= Beginning of Section =

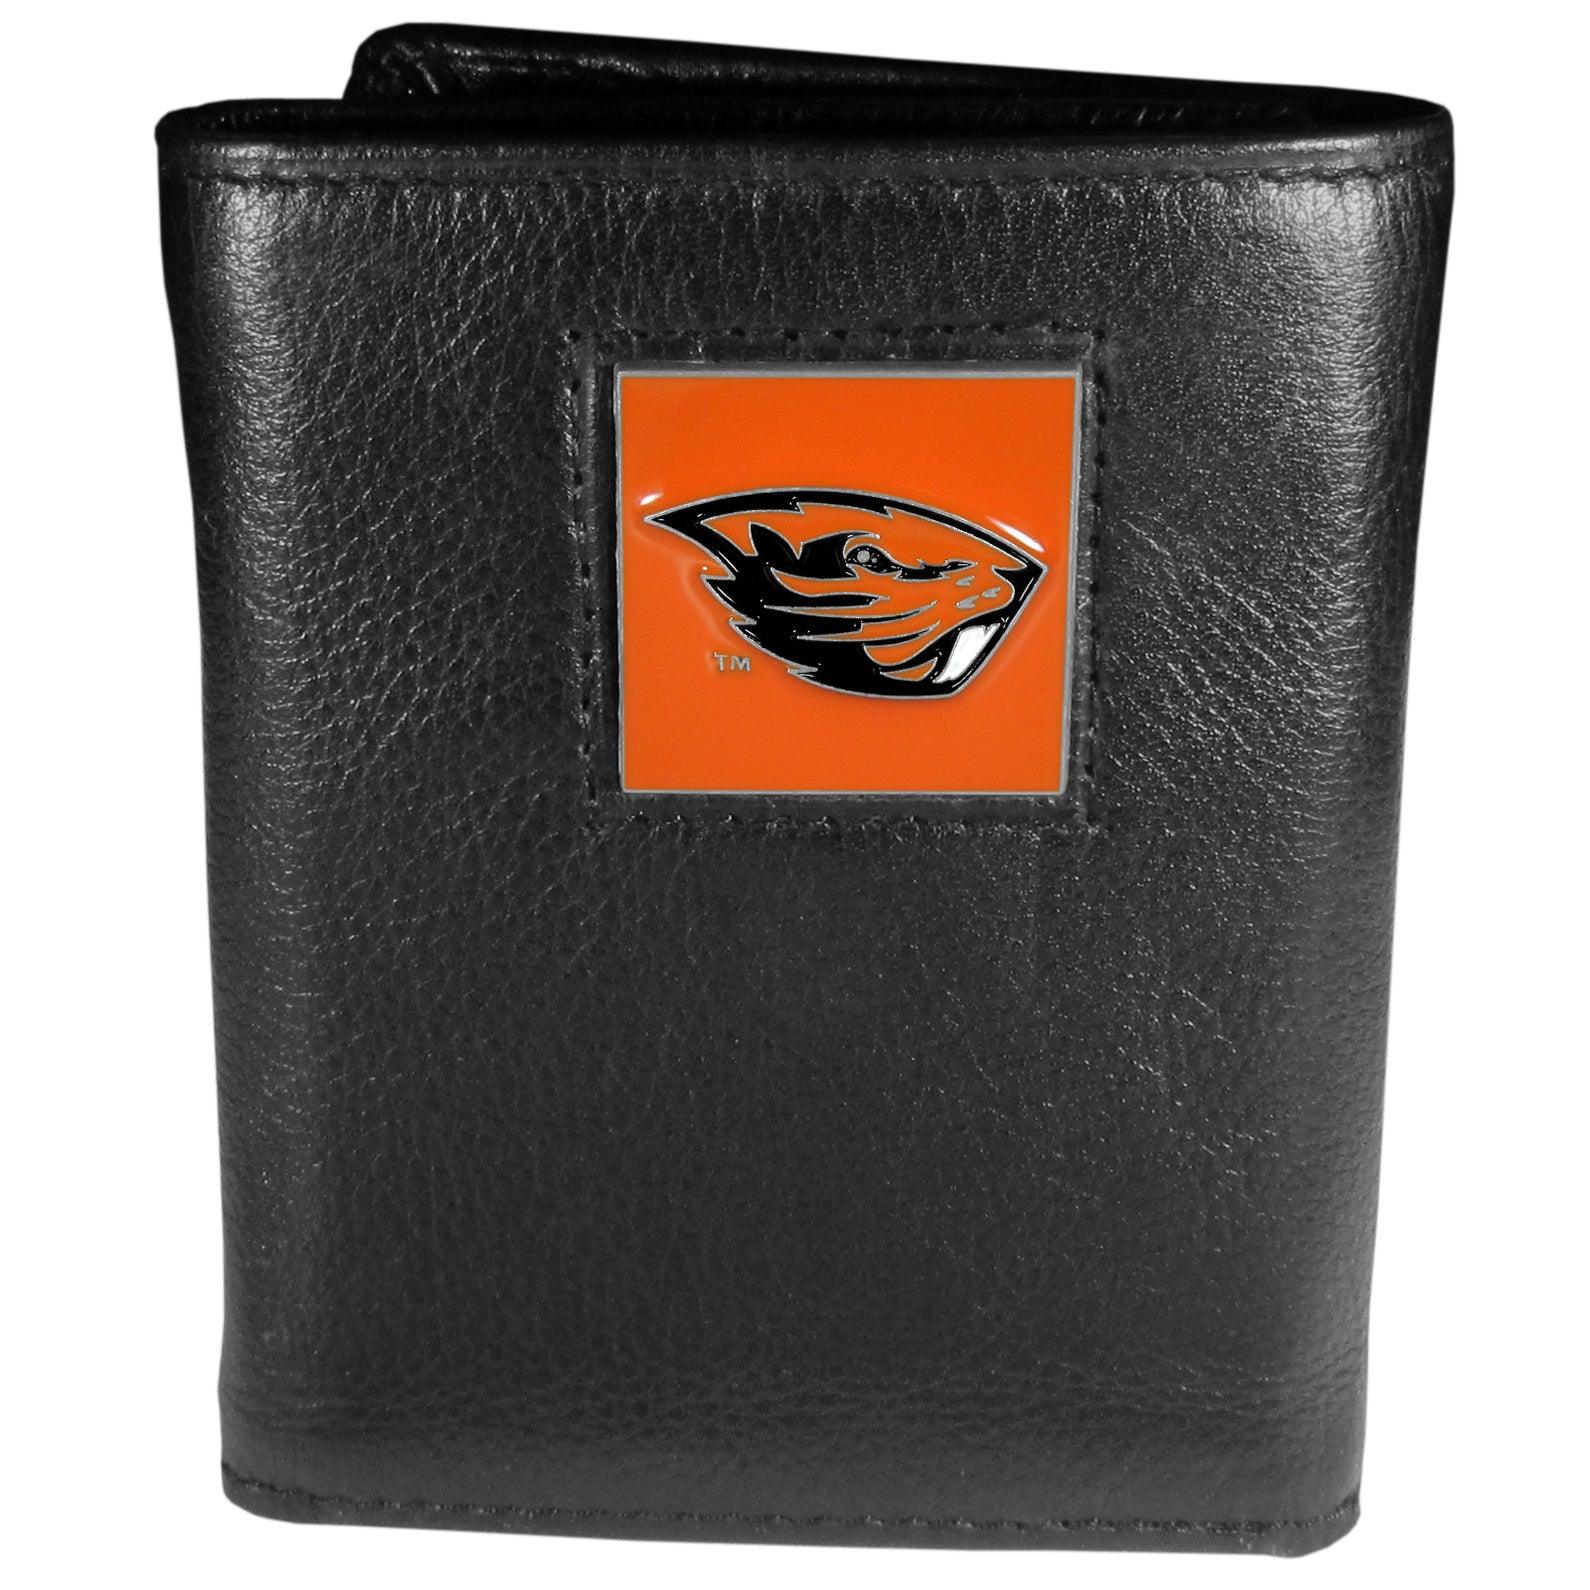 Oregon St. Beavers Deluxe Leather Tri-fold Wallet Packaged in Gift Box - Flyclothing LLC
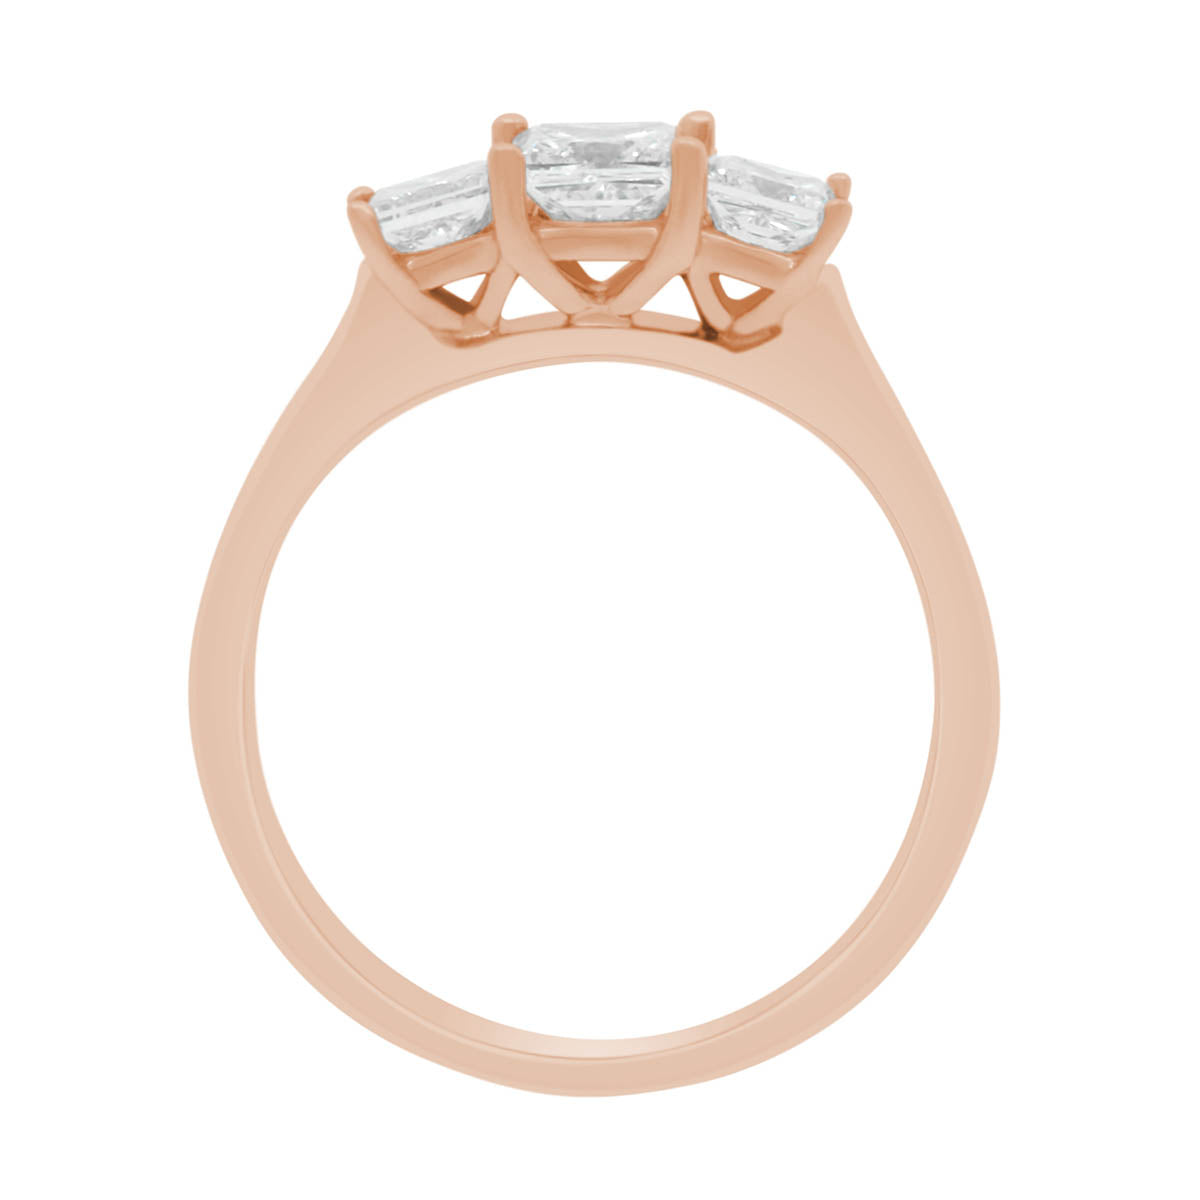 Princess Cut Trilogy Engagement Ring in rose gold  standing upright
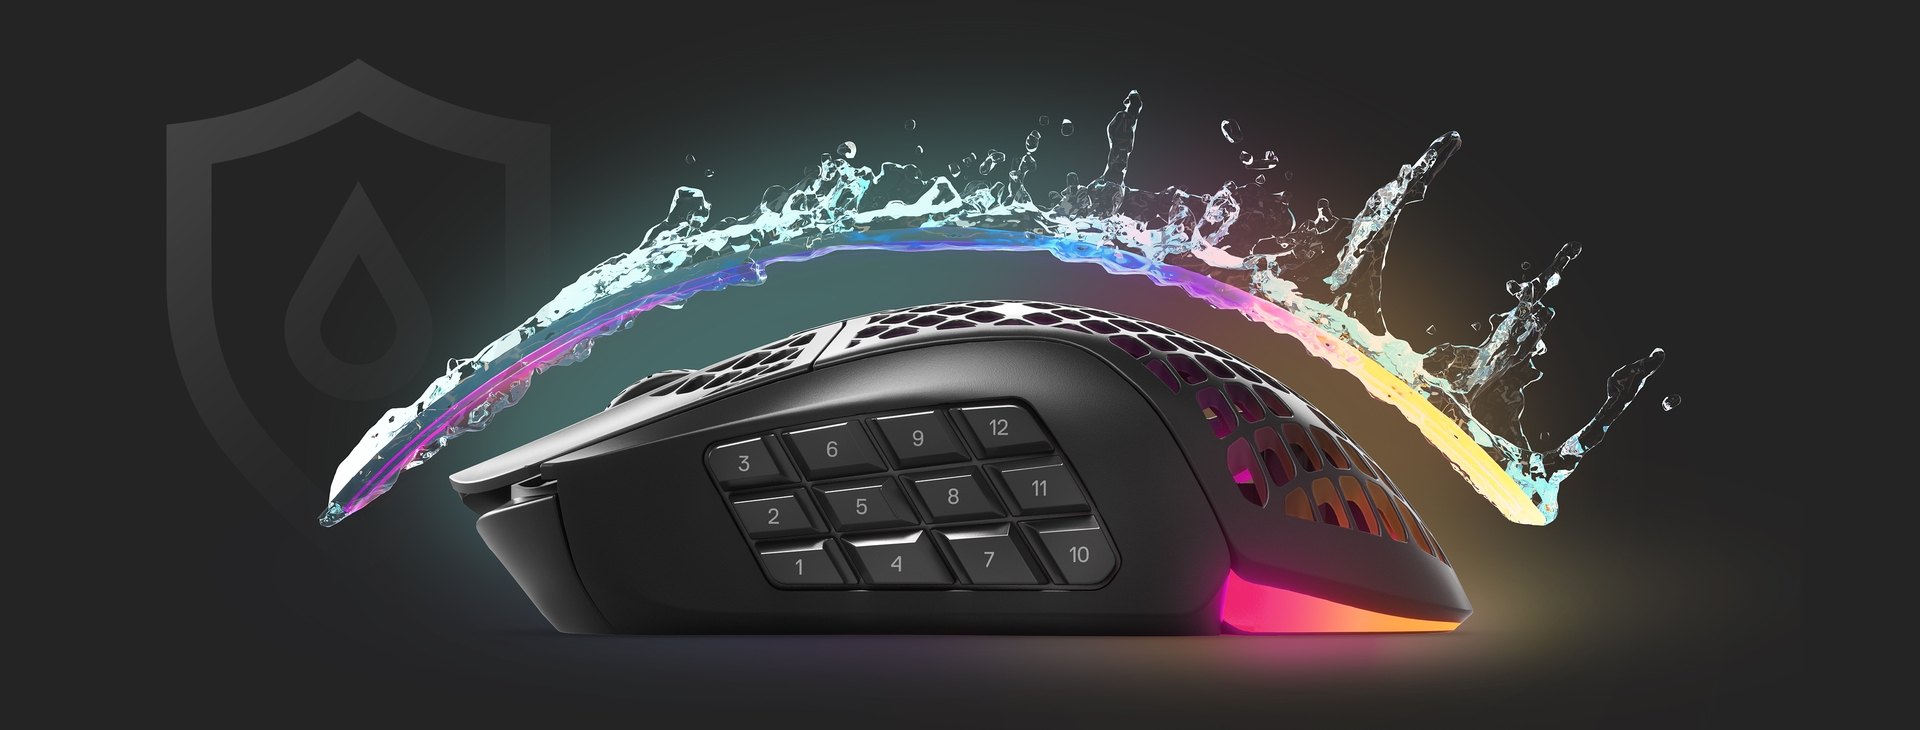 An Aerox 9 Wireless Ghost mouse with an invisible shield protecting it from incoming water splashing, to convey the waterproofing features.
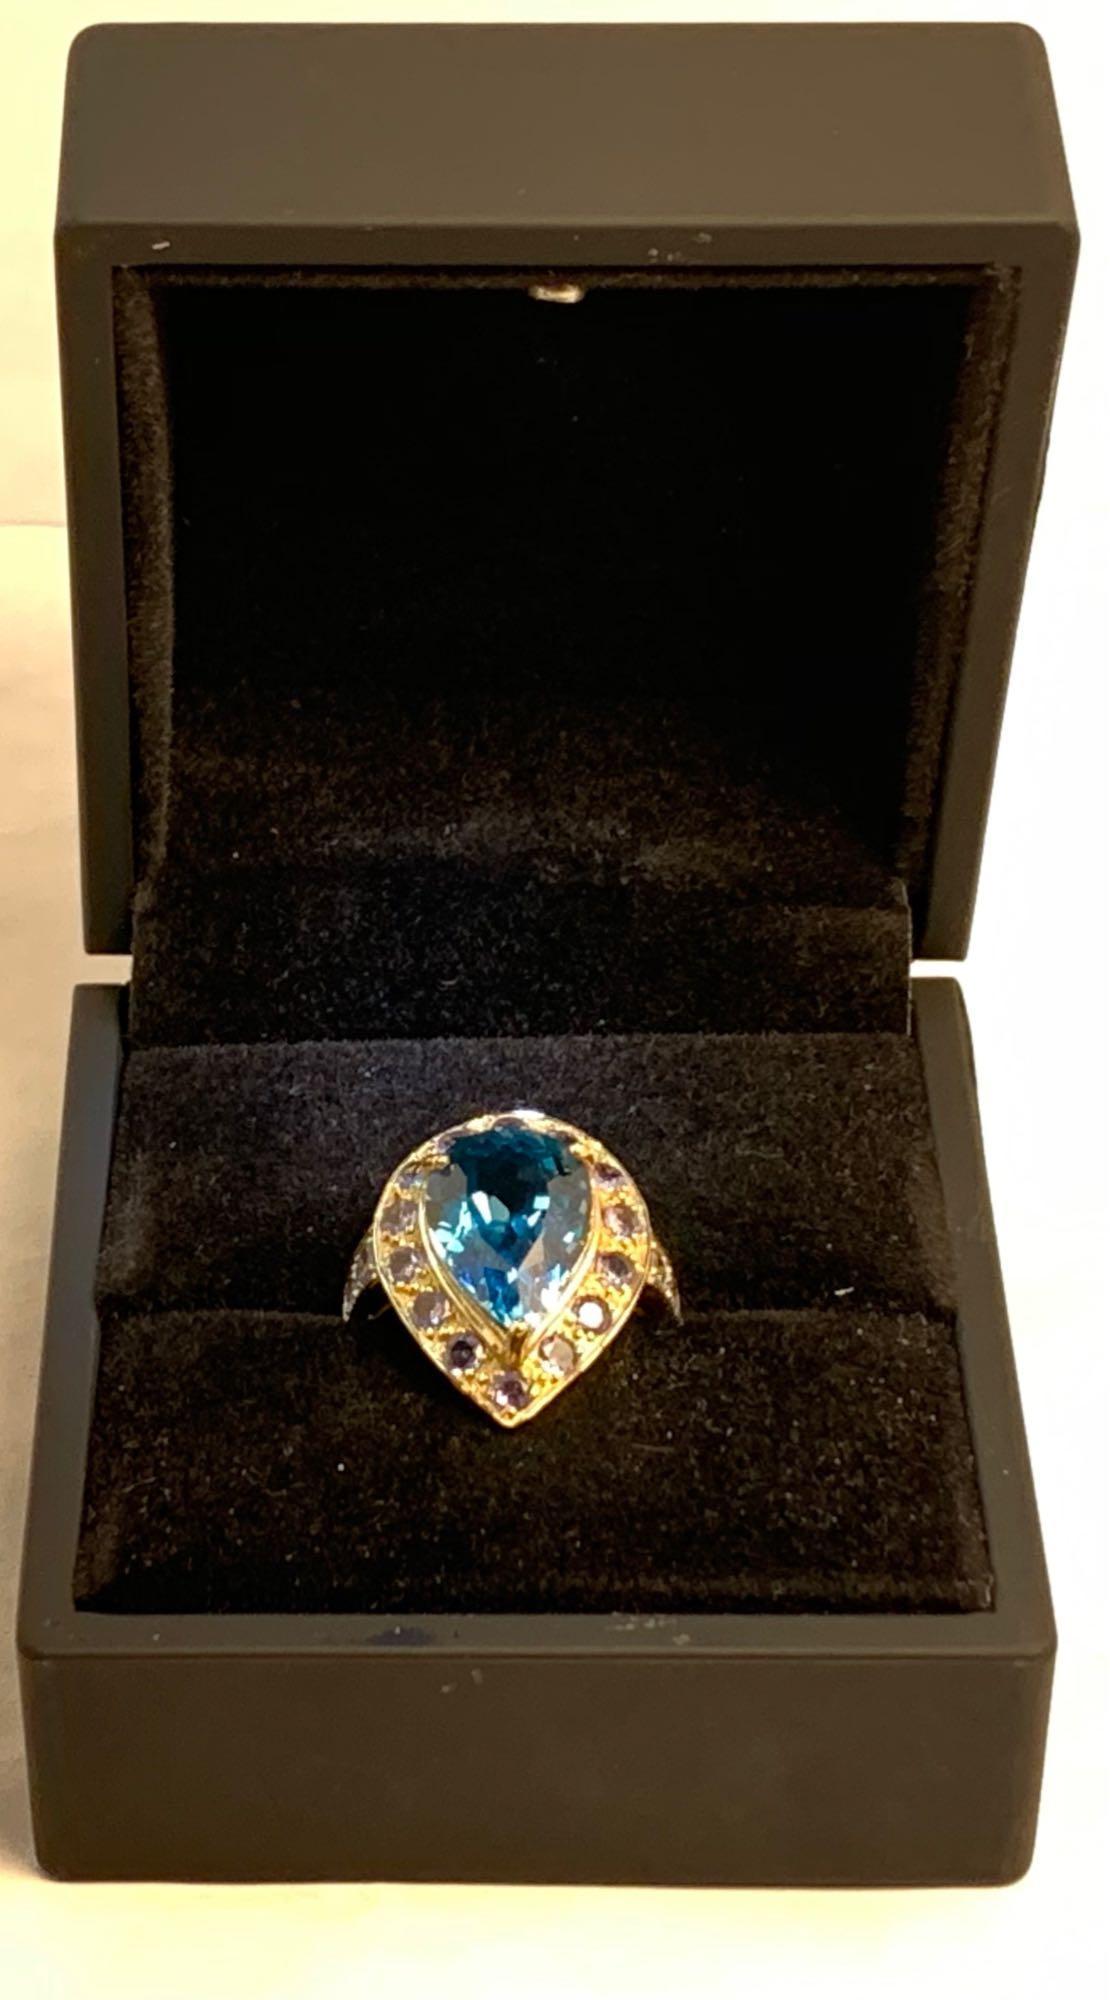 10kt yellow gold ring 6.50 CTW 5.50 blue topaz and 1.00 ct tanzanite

= End of Section =

**Task goal:** Print the full listing exactly, dropping the pictures.

**Written answer:**
 Oregon St. Beavers Deluxe Leather Tri-fold Wallet Packaged in Gift Box - Flyclothing LLC
 Princess Cut Trilogy Engagement Ring in rose gold  standing upright
 An Aerox 9 Wireless Ghost mouse with an invisible shield protecting it from incoming water splashing, to convey the waterproofing features.
 10kt yellow gold ring 6.50 CTW 5.50 blue topaz and 1.00 ct tanzanite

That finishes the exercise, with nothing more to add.